By the late summer of 1864, a century and a half ago, more than 100,000 African American soldiers were serving in the U.S. Civil War, providing a much-needed boost to Abraham Lincoln’s struggling Union forces. These proud soldiers, many of whom were former slaves, “had been to the armory of God,” said one black sergeant, “and had received weapons of the heart, that made them daring and dangerous foes.”
The Union’s newest enlistees fought courageously, but neither God nor their new employer had equipped them with the armor to fight an even more daunting enemy than the Confederacy: Disease.
According to The Library of Congress, an astonishing 29,000 of those 100,000 black soldiers died from disease during the Civil War. Or, nine times the number that would perish fighting.
Pneumonia, malaria, dysentery, small pox and typhoid fever were the primary culprits, and devastated many black units: One black infantry regiment lost 524 soldiers to disease in a single year, half of its overall numbers. As one lieutenant stationed in Louisiana wrote: “The mortality in our Regt. beats anything that I ever saw. They frequently drop dead in the streets.”
The Civil War was the greatest biological crisis of the 19th century. Unsanitary camps, unburied bodies and inadequate medical care contributed to the deaths of over 400,000 soldiers from disease. According to historian Glenn W. LaFantasie, author of Gettysburg Requiem (2006), “[d]isease and primitive medical knowledge were the Civil War soldier’s worst enemies. For every soldier killed in battle, two died of disease.”
A white doctor observed, ‘[V]ery few surgeons will do precisely for blacks as they would for whites.’
The camp conditions confronting the average soldier were appalling. For black soldiers, it was even worse. Those who became ill “died at a rate two and a half times higher than their white counterparts,” according to The Library of Congress.
Discrimination led not only to unequal pay and poorly-provisioned regiments, but grossly deficient medical care. Many white medical officers were unwilling to treat black units, one white doctor observing that “[v]ery few surgeons will do precisely for blacks as they would for whites.” And there were only three black physicians serving the Union Army’s 166 black regiments.
Emancipation and the long war caused severe dislocation in black communities, disrupting kin networks, and leaving millions without adequate shelter, food or access to medical care. And things would only get worse: Sickness and disease threatened the lives of 3.5 million freed slaves after the war ended.

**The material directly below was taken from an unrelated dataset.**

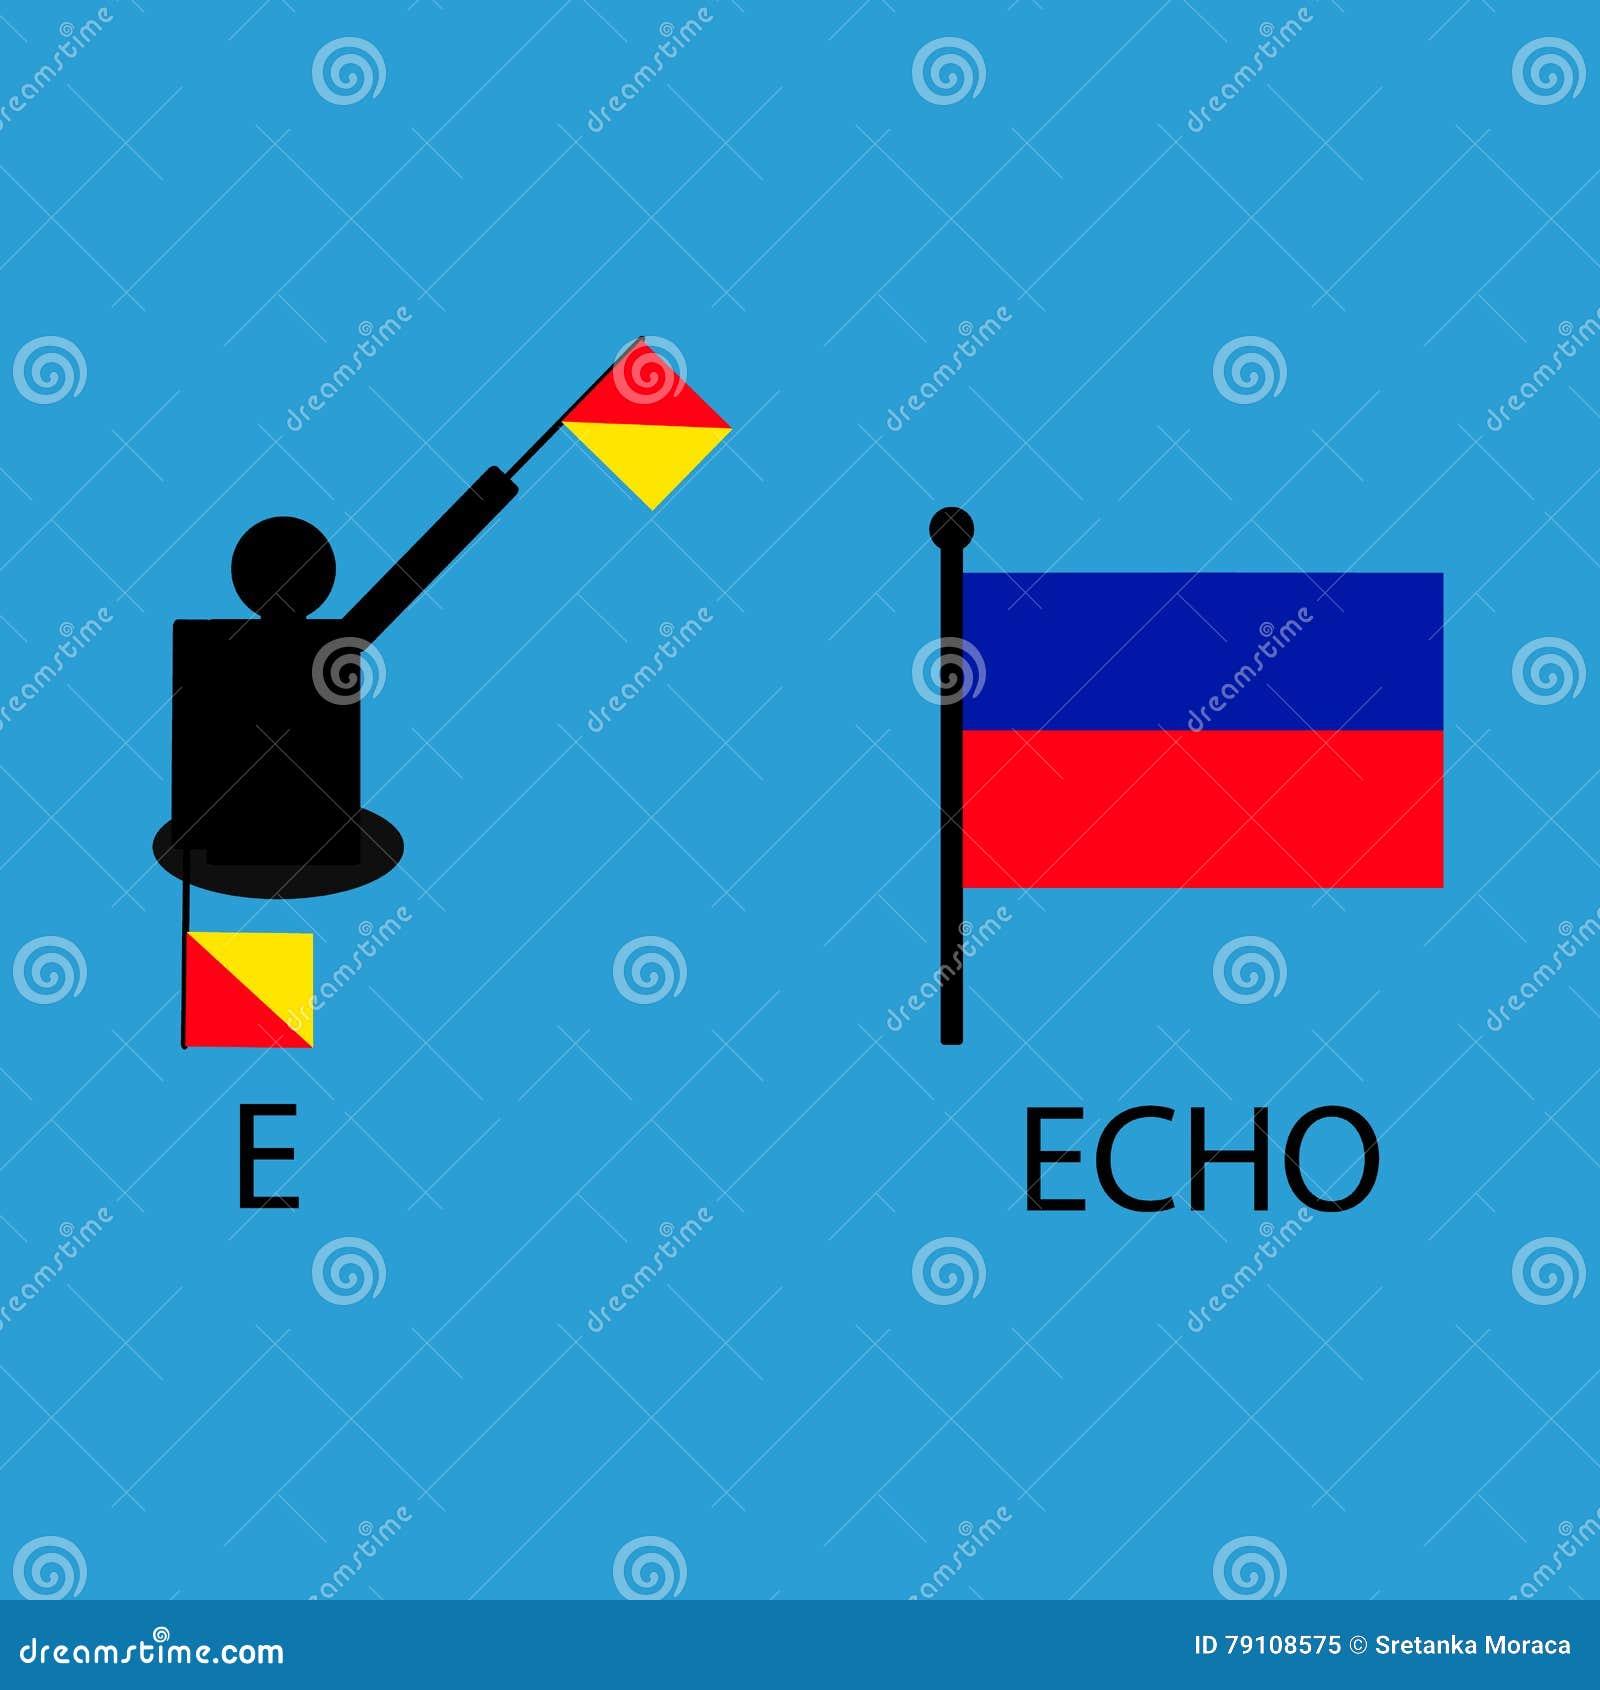 Διεθνής θαλάσσια σημαία σημάτων, αλφάβητο θάλασσας, διανυσματική απεικόνιση, σηματοφόρος, επικοινωνία, ηχώ

Prior to the Civil War, the great orator, journalist and abolitionist, Frederick Douglass, had argued, “let the black man get upon his person the brass letters, U.S.; let him get an eagle on his button, and a musket on his shoulder, and bullets in his pocket, and there is no power on earth which can deny that he has earned the right to citizenship.”
By the time the 14th Amendment finally granted citizenship to freed slaves in 1868, the combination of disease, war, discrimination and unthinkable hardship had taken a massive toll on black soldiers and communities, but there was, as Douglass had predicted, no question that they had not just earned citizenship but also deserved the eternal respect and admiration of a nation.